UPDATE: In response to comment 1. Here is your new interface:

import java.io.InputStream;
import java.io.PrintStream;
import java.util.concurrent.Callable;


public interface MyCallable<V> extends Callable<V> {
  void setStdIn(InputStream in);
  void setStdOut(PrintStream out);  
}

and your tasks would look like:

import java.io.InputStream;
import java.io.PrintStream;


public class CallableTask implements MyCallable<Object> {

    private InputStream in = System.in;
    private PrintStream out = System.out;

    public void setStdIn(InputStream in) {
     this.in = in;
    }

    public void setStdOut(PrintStream out) {
     this.out = out;
    }

    public Object call() throws Exception {
     out.write(in.read());
     return null;
    }

}

No need for a process. Any solution (even one using processes) is almost certainly going to require code changes to the Callables in some way. This is the simplest (just replace System.out with this.out).

noah
How would I implement your suggestion, without first answering this question?
Chris Conway
"Dependency injection" is not a magical pixie dust that make the entire problem go away, you know.
Chris Conway
It's not magic, but global variables are well recognized as a code smell. Dependency injection is a good alternative.
noah
OK, now I see what you mean. That might work....
Chris Conway
+1  A: 

stdin/stdout can be redirected for the entire system, but I'm not sure it can be redirected for a single thread--you are always just getting it from System. (You can make System.out go to another stream though, I've used that to catch stack traces before there was a method to get the trace as a string)

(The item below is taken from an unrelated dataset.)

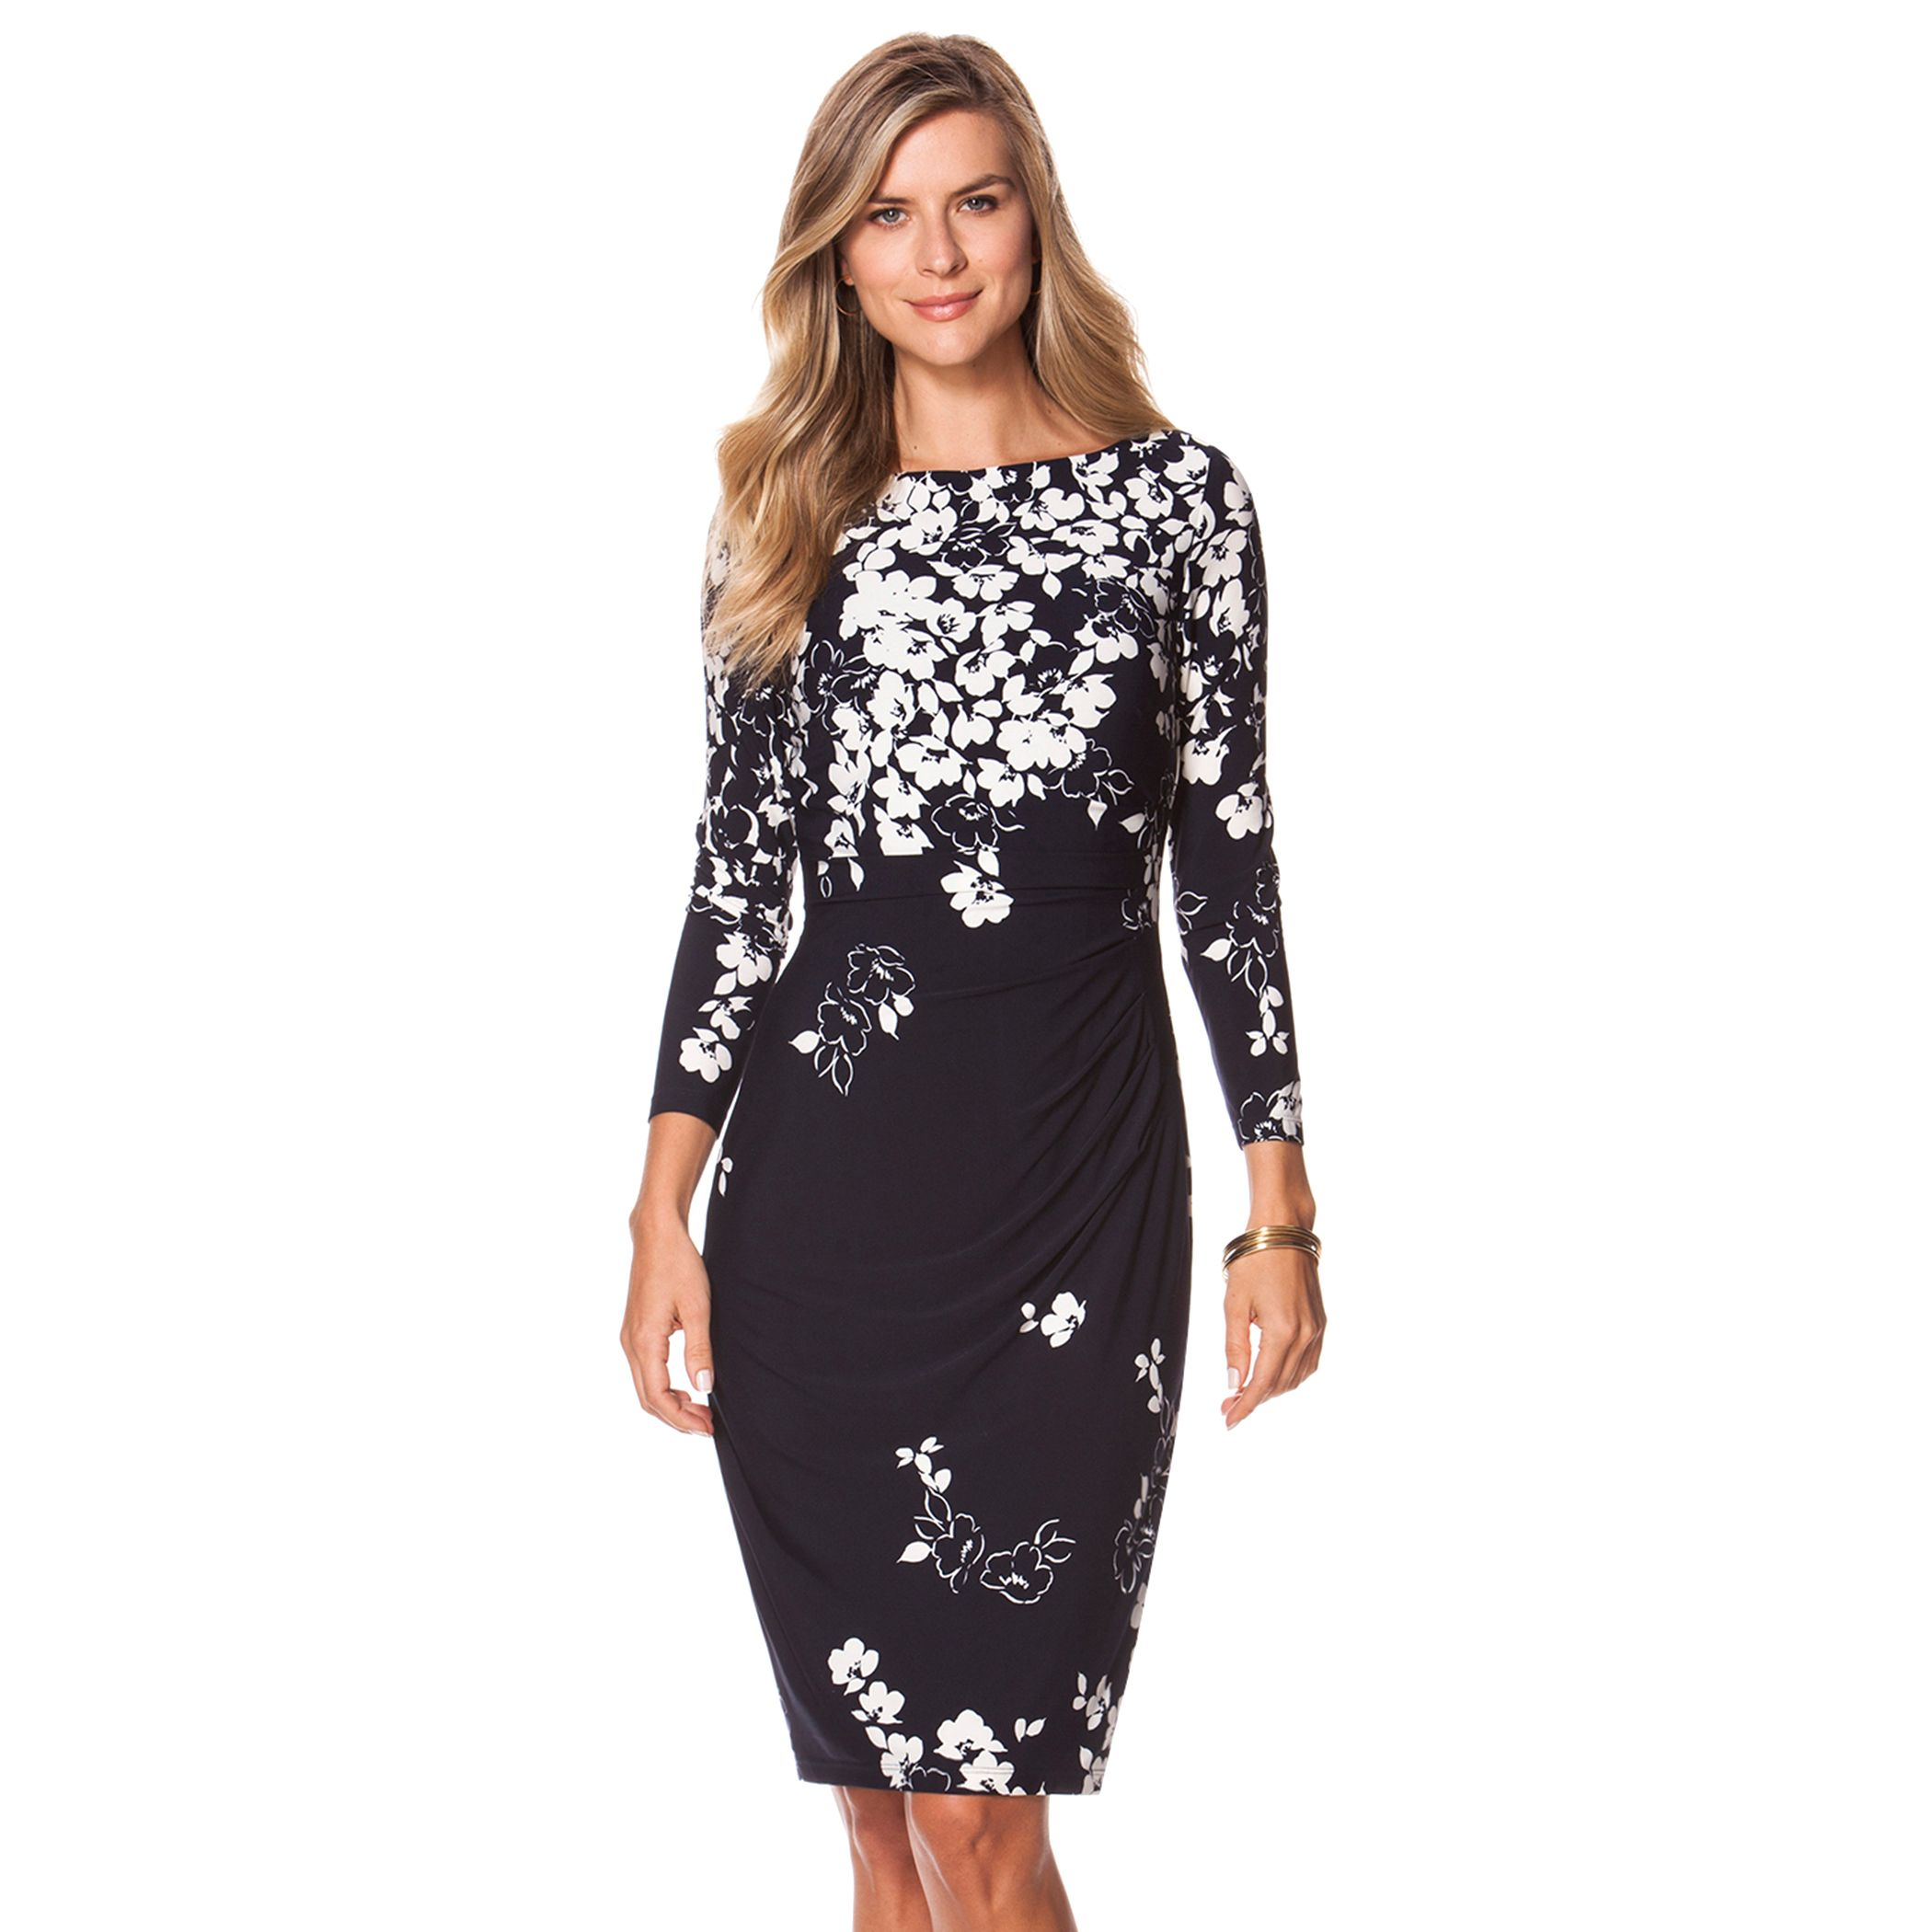 Kohls Dresses For Weddings 9 Cool Women us Chaps Sheath

You could redirect stdin/stdout, run the callable then redirect it back, but if anything else uses System.out while it's redirected, that will also go to your new file.

The methods would be System.setIn() and System.setOut() (and System.setErr()) if you want to go that route.

Bill K
+1  A: 

Strive to structure your code using Parameterisation from Above, Dependency Injection, or whatever you want to call it. Avoid statics, even those dressed up as singletons or hidden in a bad library.

If you don't want to remove usage of System.in/out/err you are in luck. These can be set globally with System.set(In/Out/Err). To be able to stream differently for individual threads set an implementation that uses ThreadLocal to find a target to delegate to. Thread-locals are generally evil, but can be useful in unfortunate situations.

From clarifications, it appears that the original poster has no need to create a separate process.